Isla came to sit next to him, and he instinctively wrapped his arm around her, pulling her close to keep her warm. They had left their food, drink, and warmer clothes on the cart at the bottom of the hill.
“I don’ ken.” Finlay was not feeling that anxious, but he was intensely angry about the death of his soldier. But he knew the castle as well as he knew the back of his hands so he already had a plan forming in his mind. “I’ll wager me last supper the sentries never suspected a thing.”
Master McDonnell came to squat next to them, blowing on his hands to keep his fingers warm. He was not wearing a great kilt for the escape but had decided to wear trews instead, so he had no plaid draped behind his belt to pull over his shoulders. None of the men could help him out; they all had their great kilts pulled over their shoulders. It might have been a balmy summer evening, but it was wet and cold inside the dungeons. Their plaids were made of thick wool—warm in winter and rain, cool in summer.
Noticing her father’s distress, Isla stood up, went to the corner of the cell, and lifted up her kirtle.
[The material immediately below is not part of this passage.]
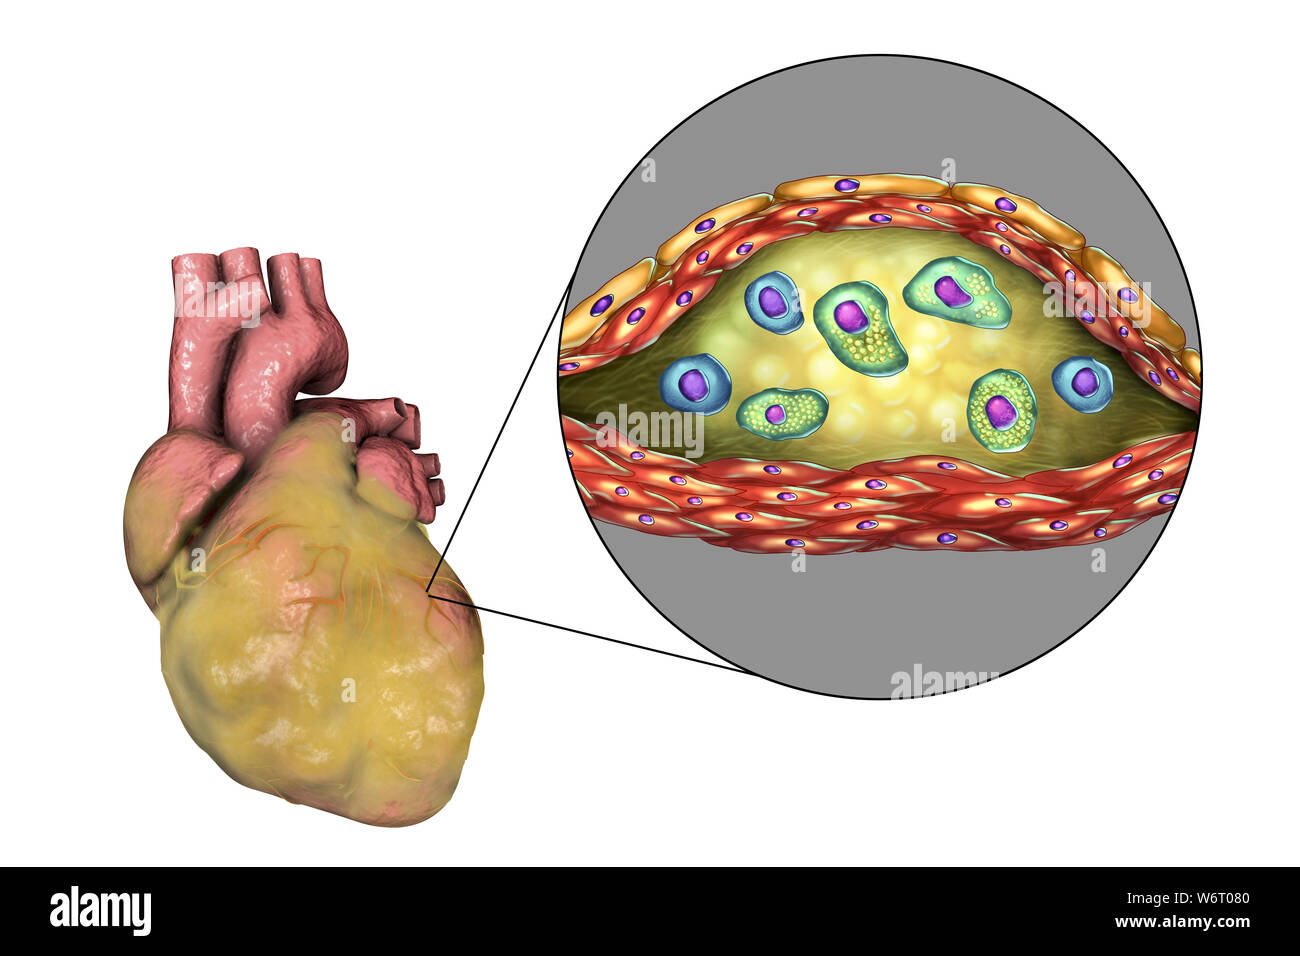 Herzkrankheit, computer Abbildung. Kranke Fettsäuren Herz und Querschnitt einer atherosklerotischen Plaque und die histologische Struktur, wie z.b. nekrotischen Zentrum, Schaum-Zellen und T-Lymphozyten. Die Wände sind von glatten Muskelzellen und Endothel der Blutgefäße. Stockfoto

She stepped out of her plain woolen underskirt in the most ladylike way and brought the garment to where they were sitting.
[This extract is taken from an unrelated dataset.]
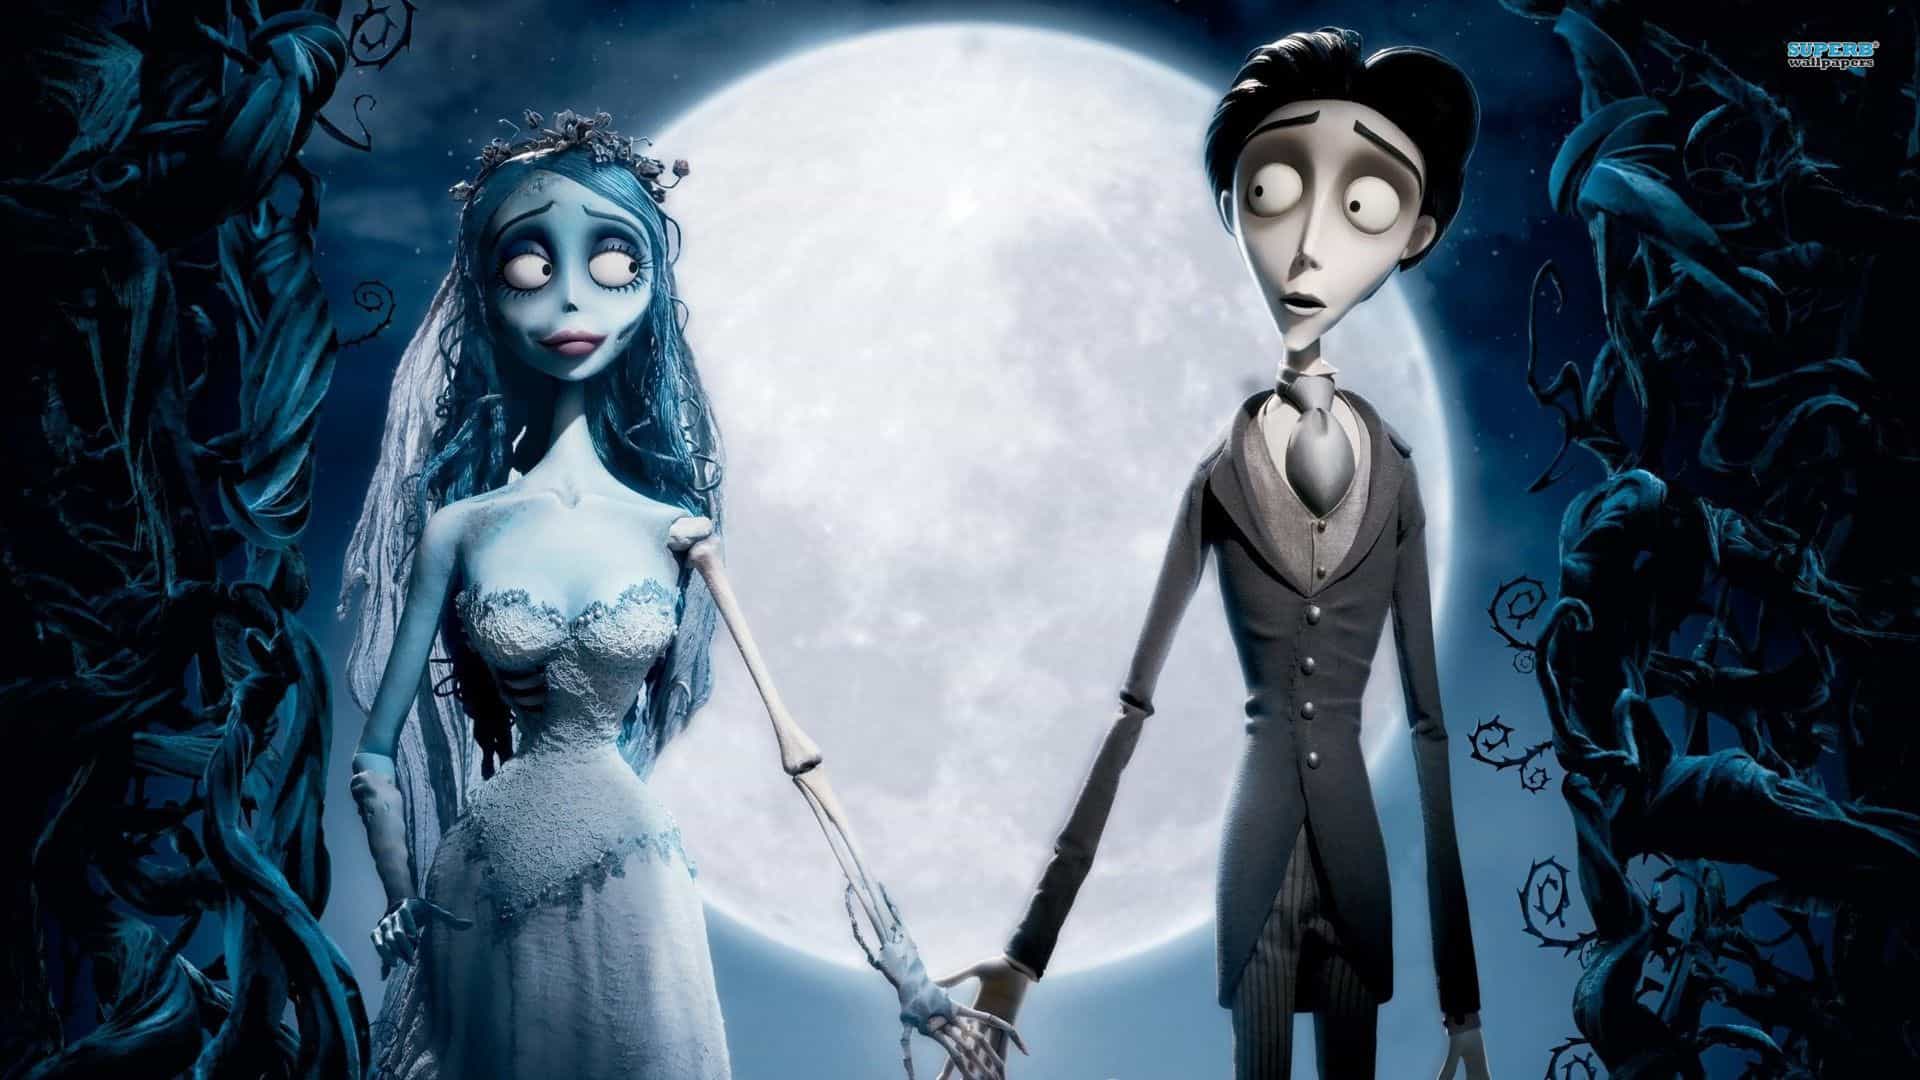 La sposa cadavere: recensione del film d’animazione di Tim Burton

“Here, Faither.” She wrapped the woolen petticoat around his shoulders. “I put on me traveling gown, the one with three layers under the kirtle, plus I have me stockings.”
When she came back to sit next to him, Finlay held her close. The blacksmith thanked his daughter for her clever idea.
“But if it was nae the sentries who ratted us out, who rumbled our plan?”
They were to find out later that day. The sky was lightening, but the dungeon air was still chilly. The steady dripping sound was driving them insane with its loud, intrusive annoyance. The skylight window darkened as someone knelt on the ground outside and whispered through the bars.
“Master? Isla? Are ye down there?” It was the cook.
Isla was too short of reaching the bars to speak, so Finlay lifted her up by the waist so she could whisper to the woman, “Cook?! Do ye ken what’s goin’ on? What are the charges they are usin’ to hold us here?”
The cook burst into tears. “Och, Isla. I am so sorry. I sent Pila down to the barracks to bring the food to ye yesterday. She was actin’ very strange when she came back, miserable an’ so sulky I could nae get a word out o’ her. Then I caught her sneakin’ out of our quarters late last night. When I bid her answer me truthfully—I feared was she plannin’ on sleepin’ with one o’ the Dougal’s men—she began howlin’ and complainin’ fit to bust. Her noise woke the guards, and they put pressure on her to answer me. She did nae want to tell them, I promise ye, but when they opened her shawl bundle, they knew Pila was planning to run away. They told her that if me daughter did nae tell them to where she was runnin’ away, they would put her in the town square pillories in the mornin’ so that she might be branded as a wench. Poor Pila told them the truth. She overheard ye makin’ yer plans when she brought the food down to ye; she was sour that ye were planning on leavin’ without so much as sayin’ farewell, so Pila decided to run away with ye.”
Finlay’s hands tightened around Isla’s waist as he heard the cook’s story. His hold was so strong that the blacksmith’s daughter gave a little cry and struggled to get out of his grip.